🤖 AI Summary
Facial recognition suffers from poor interpretability, demographic bias, privacy risks, and limited robustness to aging, pose, illumination, occlusion, and expression—exacerbated by privacy regulations that degrade real-data quality. This work systematically evaluates three synthetic face generation paradigms—diffusion models, GANs, and 3D modeling—across eight benchmark datasets for facial recognition tasks. It presents the first comprehensive empirical analysis of multi-paradigm synthetic data in bias mitigation, real-data substitution capability, and model generalization enhancement.
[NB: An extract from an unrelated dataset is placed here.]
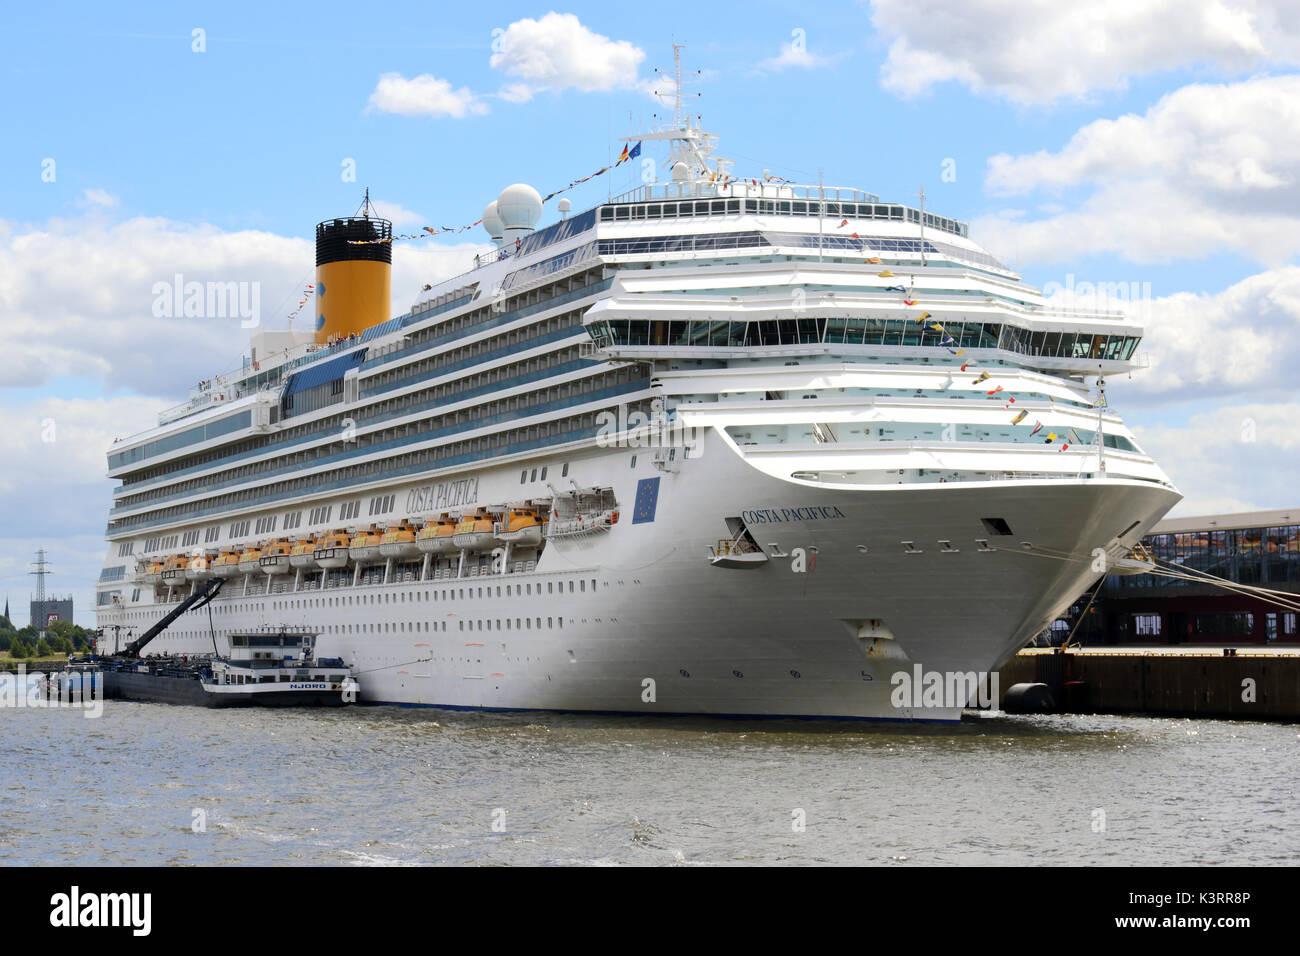 The cruise ship Costa Pacifica is located in the port of Hamburg. Stock Photo

Results demonstrate that synthetic data effectively captures facial variability, significantly improving model robustness and mitigating gender and racial biases; in certain scenarios, performance approaches that of real data. However, overall accuracy and true positive rates remain marginally lower, revealing current generative methods’ practical limits. This study fills a critical gap by providing the first cross-method, cross-dataset systematic evaluation of synthetic data in facial recognition.
📝 Abstract
Facial recognition has become a widely used method for authentication and identification, with applications for secure access and locating missing persons. Its success is largely attributed to deep learning, which leverages large datasets and effective loss functions to learn discriminative features. Despite these advances, facial recognition still faces challenges in explainability, demographic bias, privacy, and robustness to aging, pose variations, lighting changes, occlusions, and facial expressions. Privacy regulations have also led to the degradation of several datasets, raising legal, ethical, and privacy concerns. Synthetic facial data generation has been proposed as a promising solution. It mitigates privacy issues, enables experimentation with controlled facial attributes, alleviates demographic bias, and provides supplementary data to improve models trained on real data. This study compares the effectiveness of synthetic facial datasets generated using different techniques in facial recognition tasks. We evaluate accuracy, rank-1, rank-5, and the true positive rate at a false positive rate of 0.01% on eight leading datasets, offering a comparative analysis not extensively explored in the literature. Results demonstrate the ability of synthetic data to capture realistic variations while emphasizing the need for further research to close the performance gap with real data. Techniques such as diffusion models, GANs, and 3D models show substantial progress; however, challenges remain.